I love, love NIN. Sonic Youth too. Well, those that I highlighted in bold I really like.

Also, Pearl Jam, Primus, Jane's Addiction, Dead Kennedys, Rage Against the Machine, System of a Down, Violent Femmes, The Prodigy, Garbage, etc. etc.

There's just no end...

----------


## cross-platform

> cross-platform, you have good taste...


I like to think so.  :Cool:

----------


## justin

You forgot the greatest band of all time, Staind! Staind is a band that puts a lot of soul into their music. I haven't heard a song from any other band as good as "Outside." Linkin Park comes close with "Breaking the Habit."

Staind #1

----------


## blessed

man, its so hard to choose a "top band". many are the best at certain times.

But if I must:

1) Radiohead;
2) Led Zeppelin;
3) Pink Floyd;
4) Nirvana;
5) Aerosmith

----------


## jovial_jon

I've never been one to have 'favourite' bands as such. I just have a huge group of bands I reaaaally like.

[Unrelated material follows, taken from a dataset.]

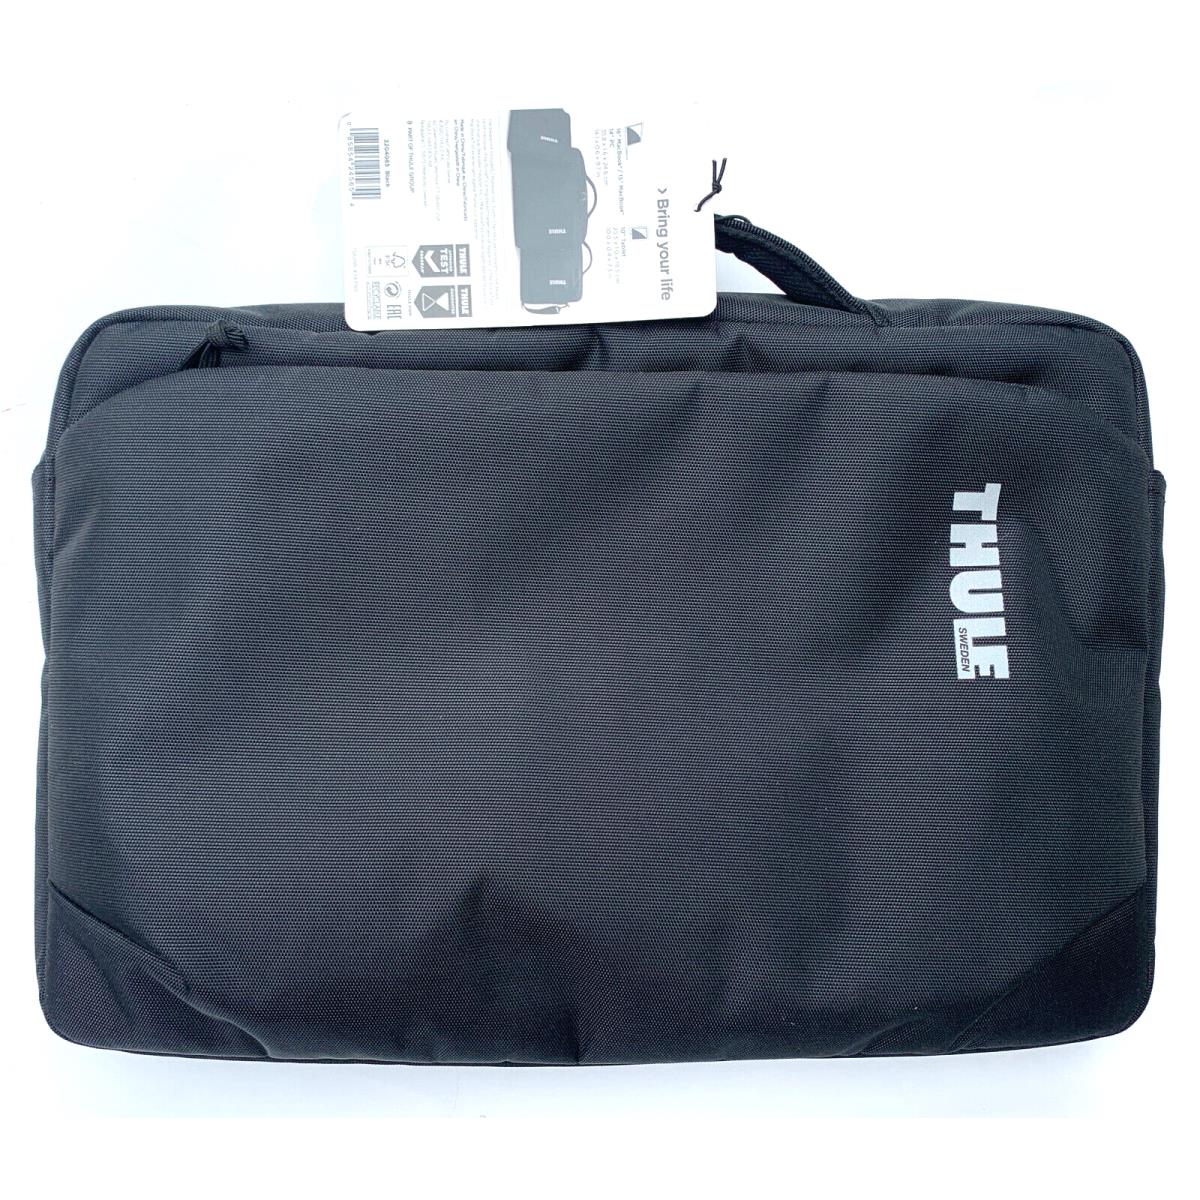 Thule Subterra Macbook Attach 15 Black Storage Travel Bag with Shoulder Strap

And a few of them that come into my head right now are: Queens of the Stone Age, System of a Down, The Living End, Nine Inch Nails, Deftones, Rage Against the Machine, Eels, Polysics, Amen, Mad Capsule Markets, Smashing Pumpkins, Jimi Hendrix, Incubus...there's a whole heap of others but I'll leave it at that.  :Bravo:

----------


## Halcyon

Linkin Park = my fave band in the world. I'm also a huge fan of Opeth, though they're not as mainstream as LP.

----------


## PopCulturePooka

I put greenday, but as far as Alternative goes:

In no real order:
Greenday, SOAD, Sublime, Nirvana, Pearl Jam, Rage Against the Machine, The Cure, Dead Kennedys, Metallica, NERD, The Smiths, Joy Division, Korn, Spiderbait, The Living End and the bets ever... REGURGITATOR all rank very highly for me.

----------


## anadorei

fave punk always has and always will be the misfits

----------


## 60Yen

Hmmm, Blink182, Nivana, Muse, Jimmy Eat World. I think those are pretty ok. Oh and Linkin Park too.

----------


## Japanimaniac

I could click every band on that list and still not be satisfied. I voted for Green Day, though, since they've been around for so long, yet still going strong (sorry, Metallica. St. Anger was disappointing).

----------


## cicatriz esp

JANE'S ADDICTION (my favorite band ever, but only the 87-91 stuff, not the blah reunion album)
Led Zeppelin
New Order
The Police
Velvet Underground

----------


## michi

David Bowie -not a band, i dont care.
Ours
Franz Ferdinand
Queen
London After Midnight
Rhapsody

----------


## Camui

lately I've come to like Green Day..I like their style of music..but I also like Linkin Park, Blink 182, and Sum 41...they are all very good bands ^^

----------


## Anyuni_Nakashima

What no Beatles? I'm just kidding. I like Billy Talent and I think Coldplay should be on there for rock/alternative. Some of the bands you've listed I would say, "are mainstream bands." what I mean is they get air play on MTV. There still rally good bands though!

----------


## Miss_apollo7

I chose Metallica, but also like Linkin Park, Nirvana, and many others....
One group, which is my all-time favourite is U2 though!!!  :Balloon:

----------


## Duo

I'm not much of a rock fan myself, however, there is this song that I do enjoya lot, blurry from puddle of mudd, so my vote goes to them  :Smiling:

----------


## No-name

Skillet, Switchfoot, Kutless...

Right now, I'm hooked on Christian Rock.

----------


## Flashjeff

Just one band:

*THE BEATLES!!!!!*

Yeah, yeah, yeah! 'Nuff said!

 :Cool:

----------


## ragedaddy

I'd Have to say......

1. Weezer
2. Incubus
3. RATM
4. Sublime
5. Staind


The list could go on and on........................

----------


## -Rudel-

Tsunami Bomb!

One of my fave punk rock bands. Love female singers that know how to rock!  :Poh:  

I'd give a whole list of my favorites, but I doubt that most people have heard of them. O well :)

----------


## Mikho

GODSMACK for sure :) ...btw, METALLICA is still thrashy enough, I guess ;)

----------